1770 Port-au-Prince earthquake
- Local date: 3 June 1770;
- Local time: 19:15;
- Magnitude: 7.5M_{w};
- Depth: 10 km (6 mi);
- Epicenter: 18°25′N 72°47′W﻿ / ﻿18.42°N 72.79°W
- Areas affected: Saint-Domingue, Captaincy General of Santo Domingo, Jamaica
- Max. intensity: MMI X (Extreme)
- Tsunami: Yes
- Casualties: 250+

= 1770 Port-au-Prince earthquake =

Earthquake in modern-day Haiti

The 1770 Port-au-Prince earthquake took place at 7:15 pm local time on June 3, on the Enriquillo fault near Port-au-Prince, Saint-Domingue, the French colony that is now the country of Haiti.

==Damage==
The earthquake was strong enough to destroy Port-au-Prince, and leveled all the buildings between Lake Miragoâne and Petit-Goâve, to the west of Port-au-Prince.
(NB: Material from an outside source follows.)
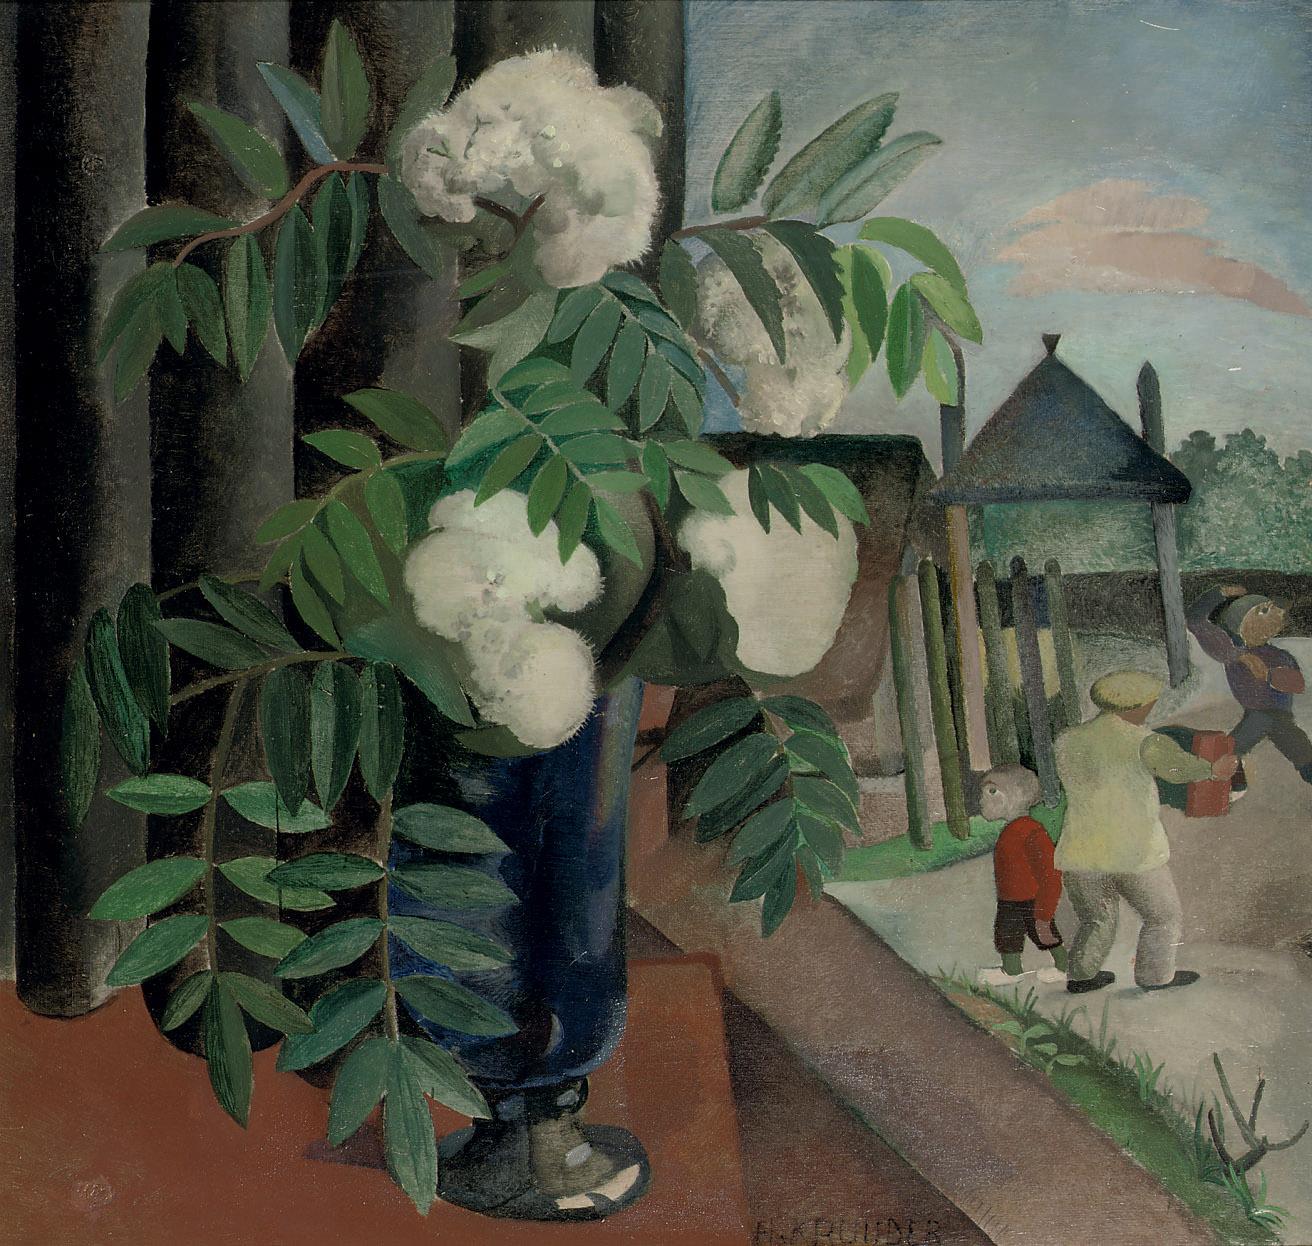 Herman Kruyder (1881-1935)
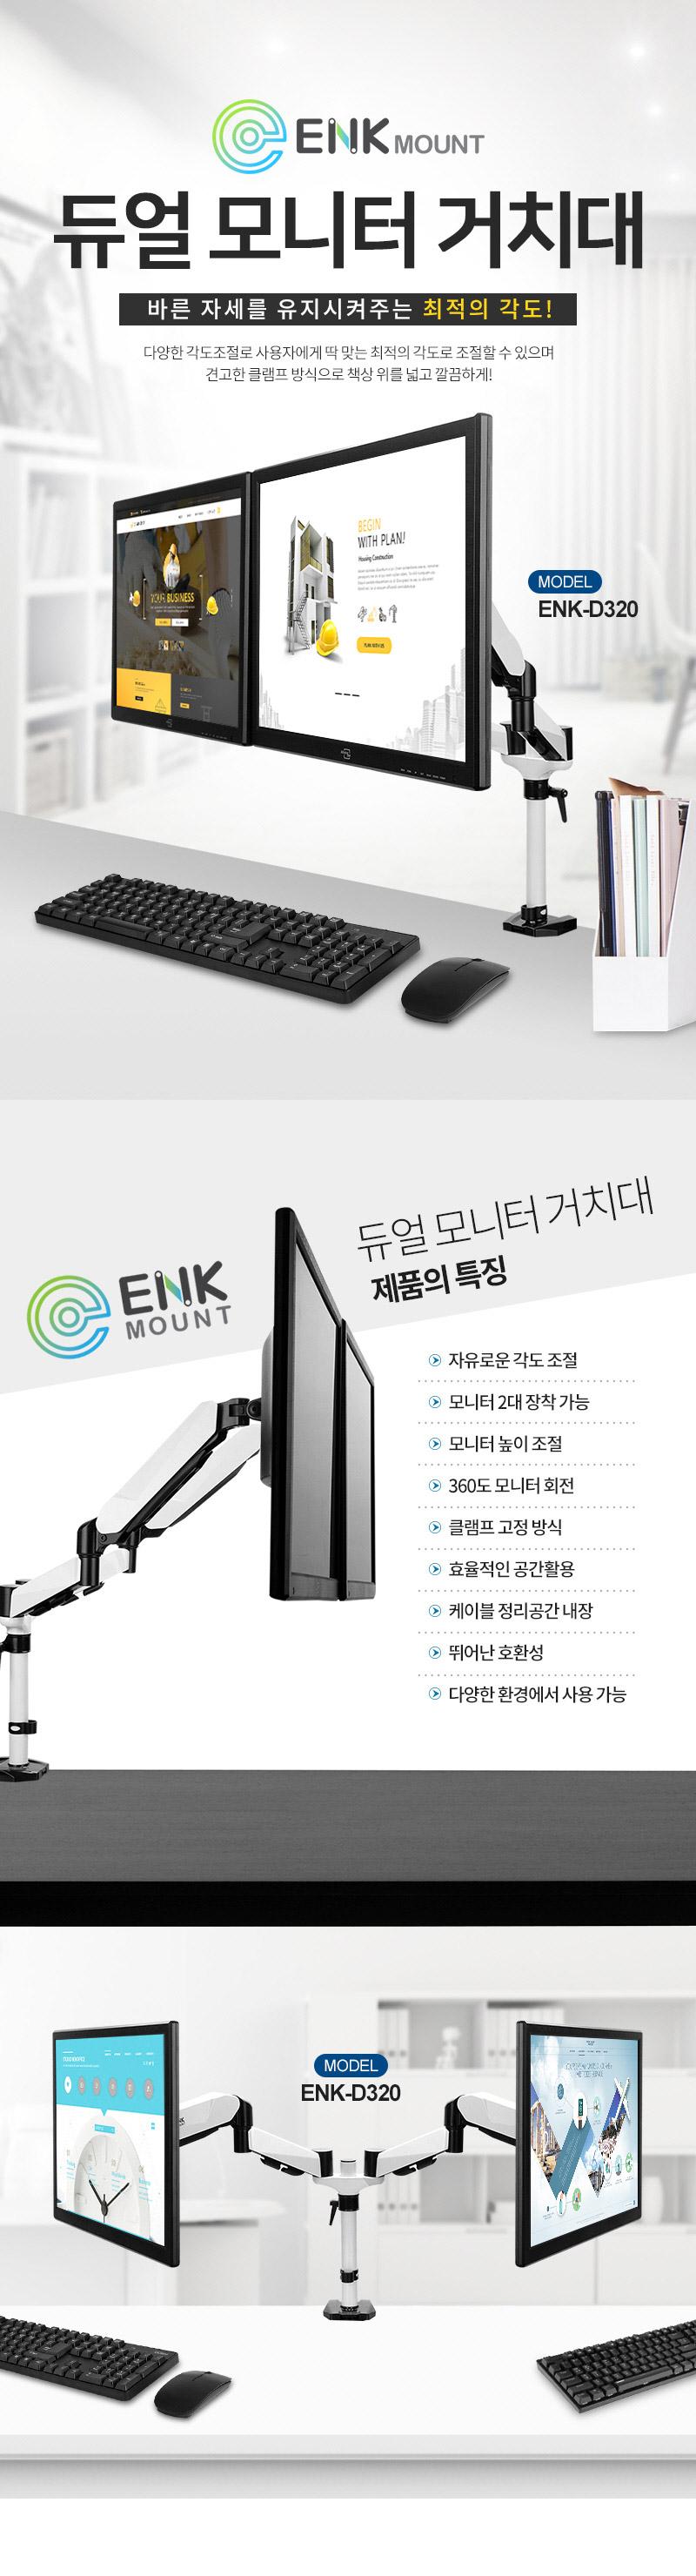 copy_ENK-D320_01.jpg

The Plain of the Cul-de-Sac, a rift valley under Port-au-Prince that extends eastwards into the Dominican Republic, experienced extensive soil liquefaction. The ground under Port-au-Prince liquefied, throwing down all its buildings, including those that had survived the 1751 earthquake. One village, Croix des Bouquets, sank below sea level. Strong shocks were felt in Cap-Haïtien, about 160 km away from the estimated epicenter in the Léogâne Arrondissement. Some chimneys on the distant island of Jamaica collapsed.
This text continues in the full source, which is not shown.